Après avoir mis au point l’outil, j’ai d’ailleurs constaté des choses très amusantes, auxquelles je n’avais pas songé en le développant. Selon la manière dont on le paramètre, on peut approcher tous les styles musicaux imaginables : jazz, free-jazz, techno, quatuor à cordes ou même musique indienne (ce ne sera pas exactement un raga, mais ce n’en sera pas si loin). C’est convaincant !

Comment cette application et votre usage de cette application ont-ils évolué ?

Gestrument est au cœur de mon processus compositionnel depuis de nombreuses années et les pièces commandées par l’Ircam ont été cruciales dans son développement ! Emerging from Currents and Waves est l’une des premières œuvres dans le cadre desquelles j’ai trouvé un moyen de véritablement intégrer les aspects performatifs de Gestrument – c’est-à-dire ne pas l’utiliser seulement pour mes besoins propres lors de la composition, mais le mettre également dans les mains du soliste et du chef.

Avez-vous des retours d’autres utilisateurs de cette application, et êtes-vous parfois surpris de ces usages ?

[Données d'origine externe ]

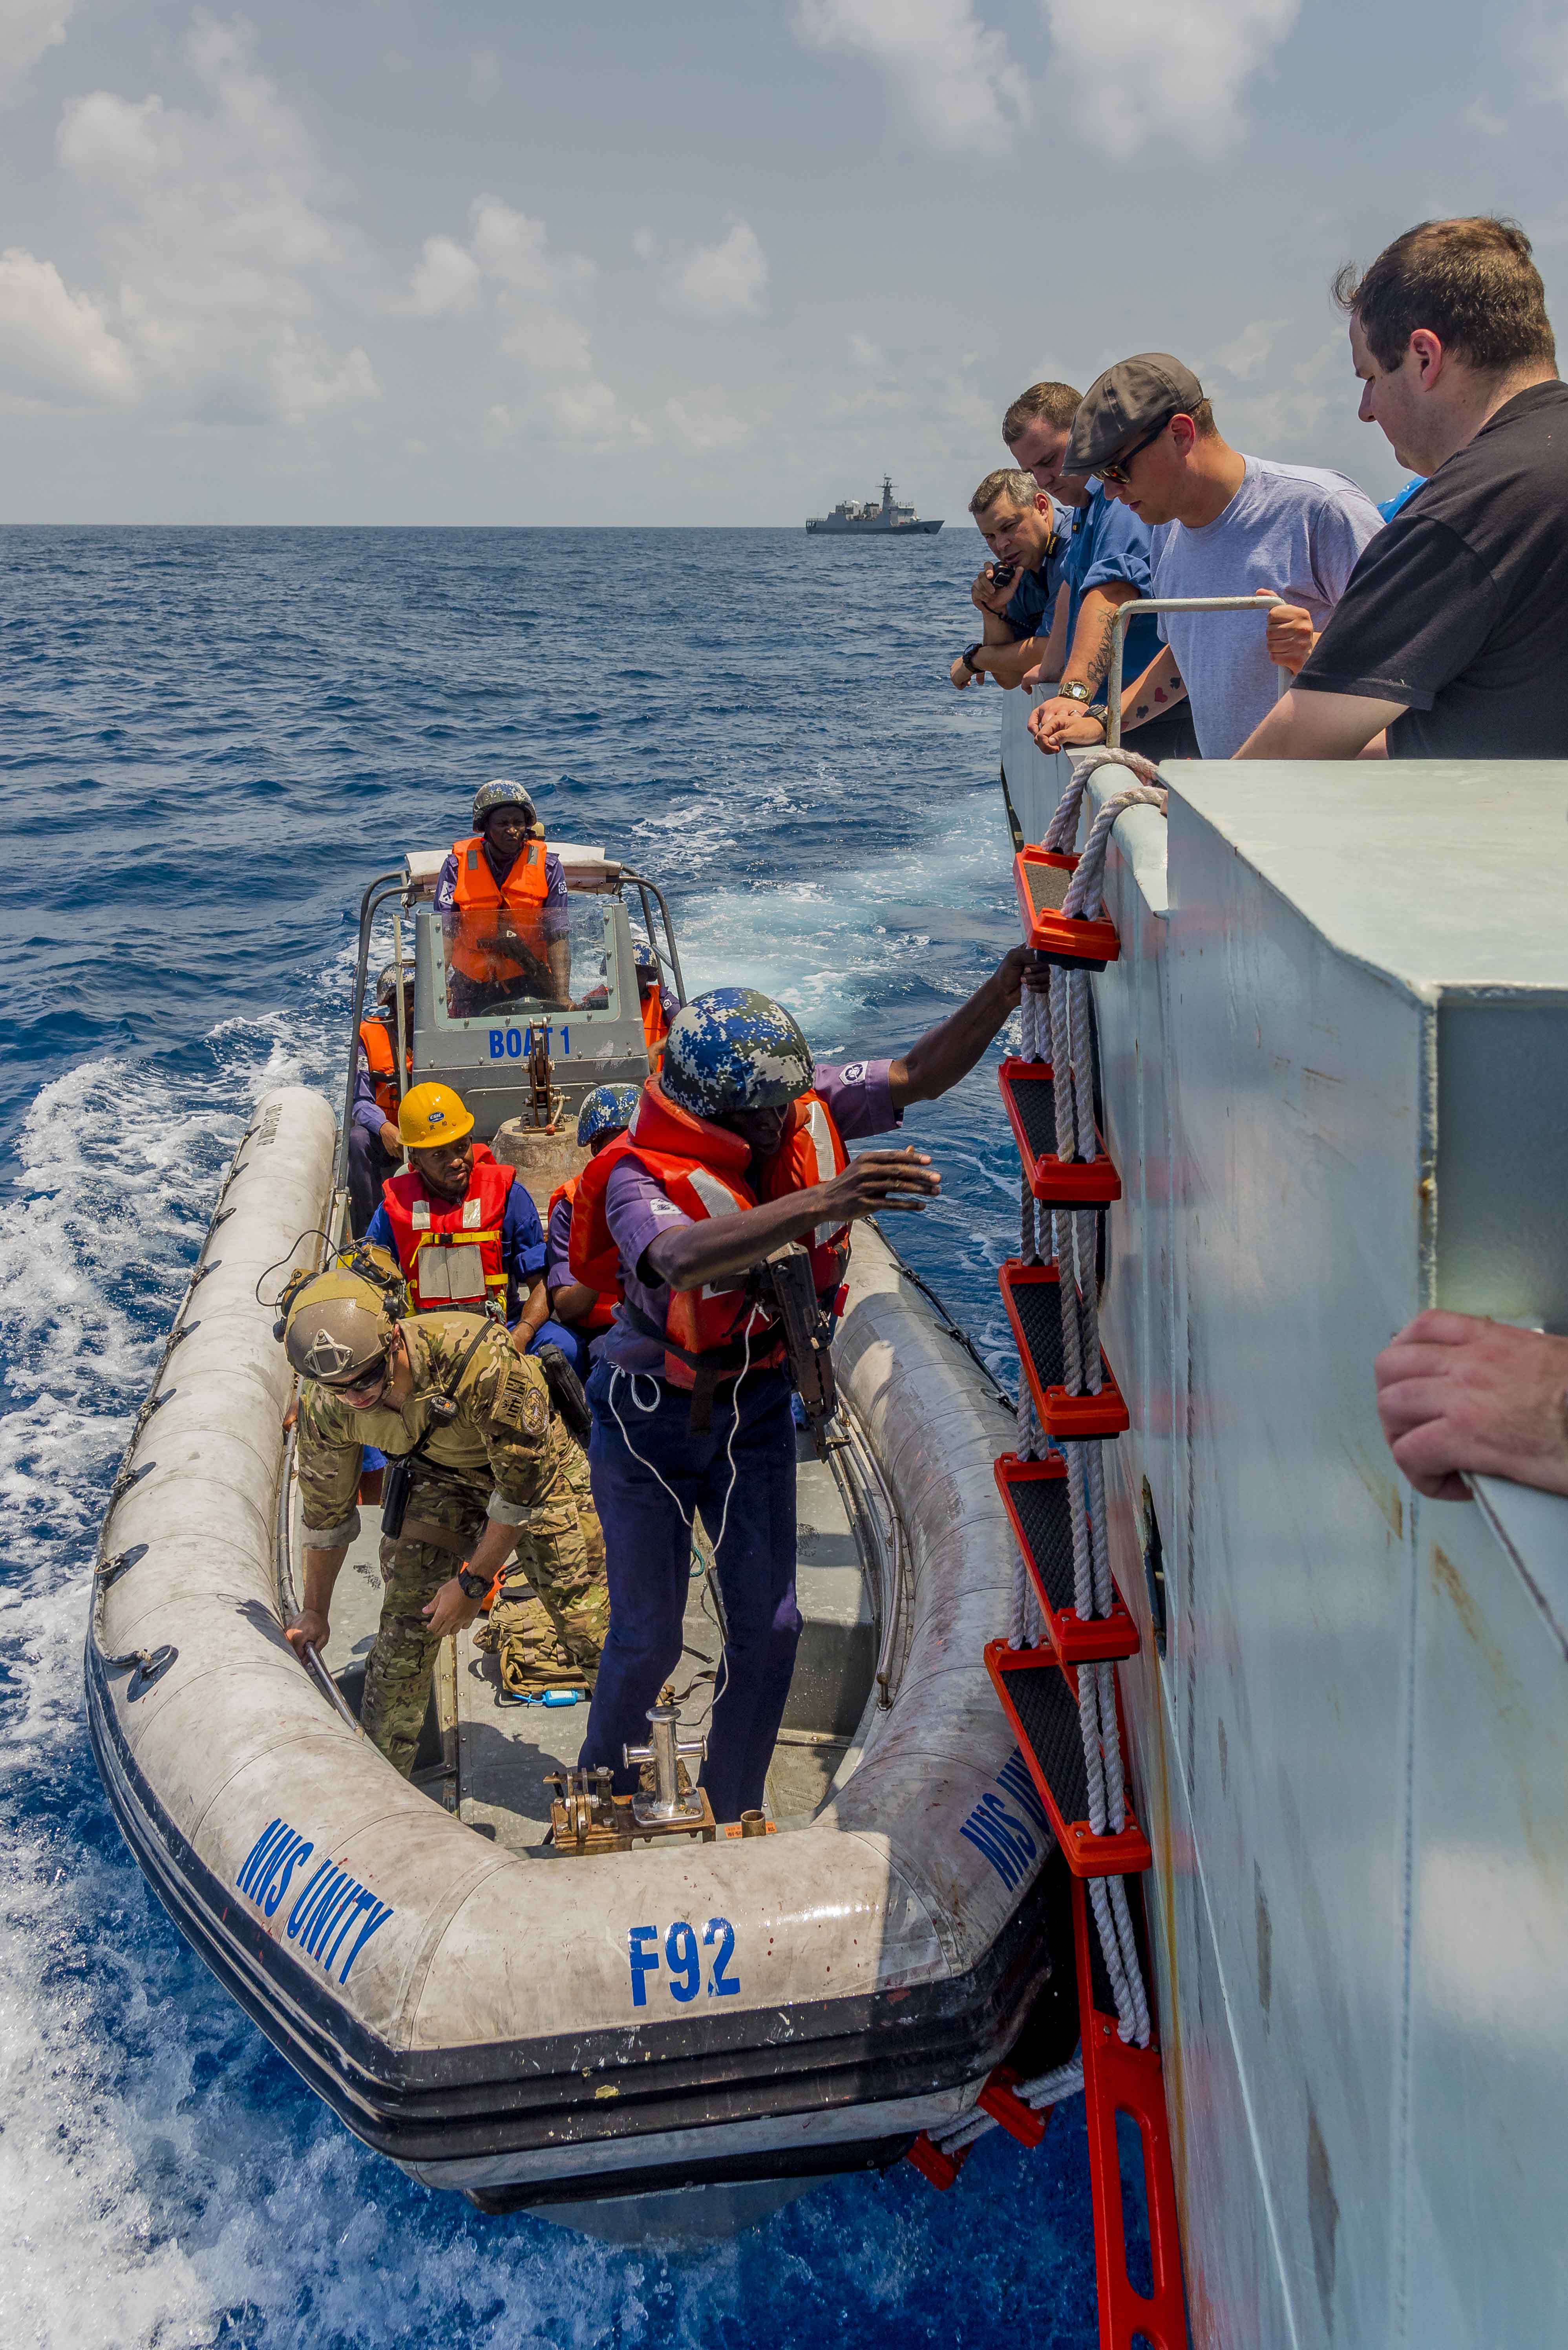 March 12, 2018. Members of the Nigerian Navy and United States Coast Guard (USCG) board Her Majesty's Canadian Ship (HMCS) KINGSTON from a rigid hulled inflatable boat (RHIB) as part of a training exercise during Operation PROJECTION west Africa off the coast of the port city of Lagos, Nigeria, March 12, 2018. Photo: Ordinary Seaman (OS) John Iglesias Formation Imaging Services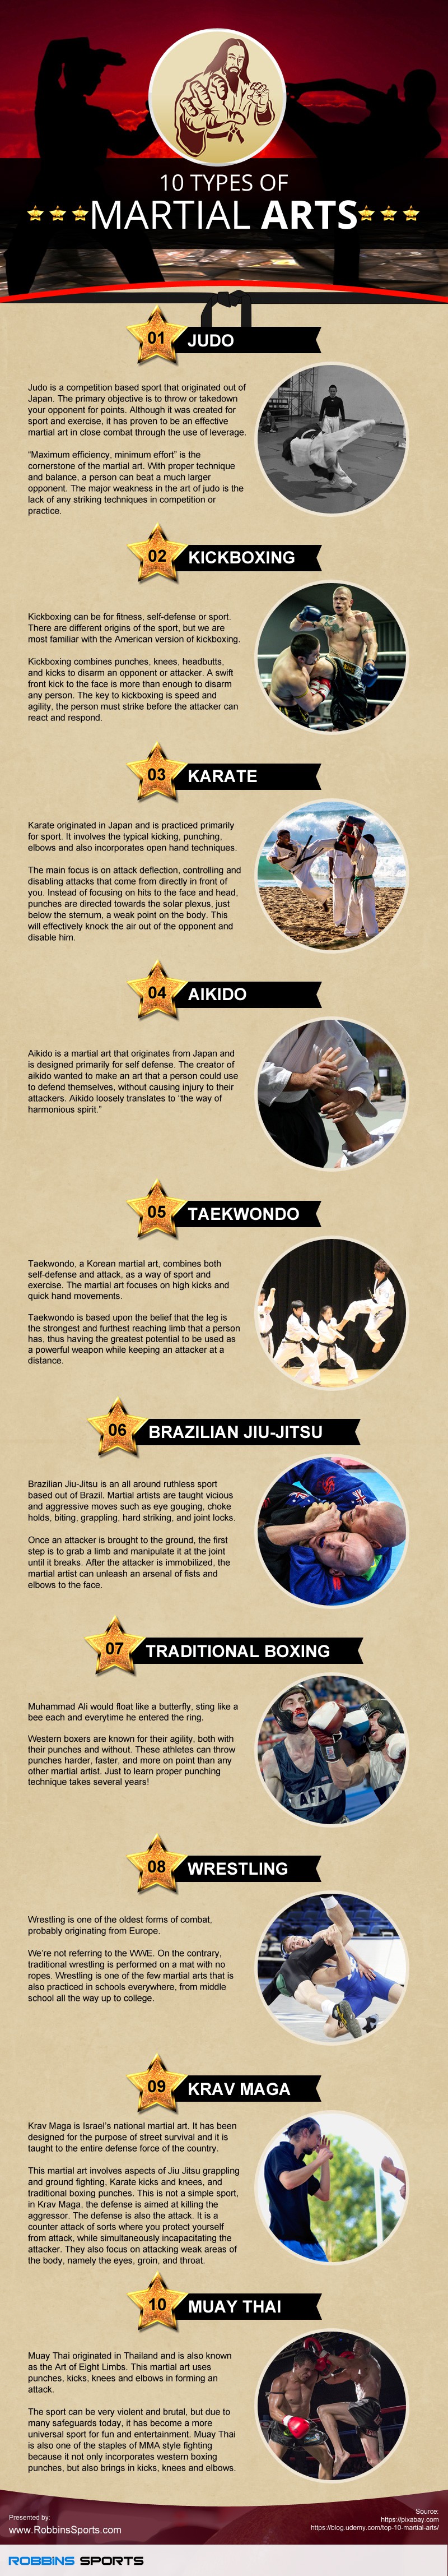 10 Types of Martial Arts #Infographic - Visualistan

L’entreprise que j’ai bâtie autour de cette technologie Gestrument a récemment été rebaptisée Reactional Music, et se concentre à présent sur l’utilisation du noyau logiciel – ce même noyau logiciel qui permet de générer de la musique – dans le cadre de la conception de jeux vidéo et d’autres applications interactives. Cette poussée vers l’univers du jeu vidéo est menée par une légende du milieu, Kelly Sumner, ancien Directeur général ou Président des studios qui ont sorti des jeux comme Grand Theft Auto, Guitar Hero ou Fallguys. Avec son aide, nous nous efforçons de mettre la musique des jeux vidéo au même niveau technique que leurs aspects visuels, domaines dans lesquels on est passé depuis longtemps du codage pur et dur à des systèmes génératifs et procéduraux.

Étant personnellement complètement ignare en matière de jeux vidéo, j’avoue que ça a été une surprise totale ! Gestrument vous aide à générer du matériau musical, mais comment approchez-vous l’élaboration d’une structure ? Qu’en est-il d’Emerging from Currents and Waves ?

Emerging from Currents and Waves est la pièce la plus vaste que j’ai composée à date, que ce soit en termes de durée (la version originale durait 75 minutes) ou en termes d’avancée technologique et de développement du dispositif. Composer une pièce comme celle-là est un défi très différent, puisqu’il y a de nombreux enjeux à prendre en compte à chaque instant – tout, de la manière d’inclure l’électronique à la composition au niveau le plus fondamental, aux considérations pratiques de placement des capteurs de mouvement et jusqu’à la mise en page de la partition pour permettre au chef de tourner les pages tout en dirigeant et en contrôlant l’électronique en temps réel. Je dirais toutefois que mon approche de la forme de cette pièce a été plus ou moins la même que d’habitude : j’avais une idée assez vague de ce à quoi je voulais aboutir, puis j’ai généré une grande quantité de matériau qui me semblait aller dans le bon sens, et j’ai enfin laissé ce matériau me guider – parfois dans une direction totalement inattendue…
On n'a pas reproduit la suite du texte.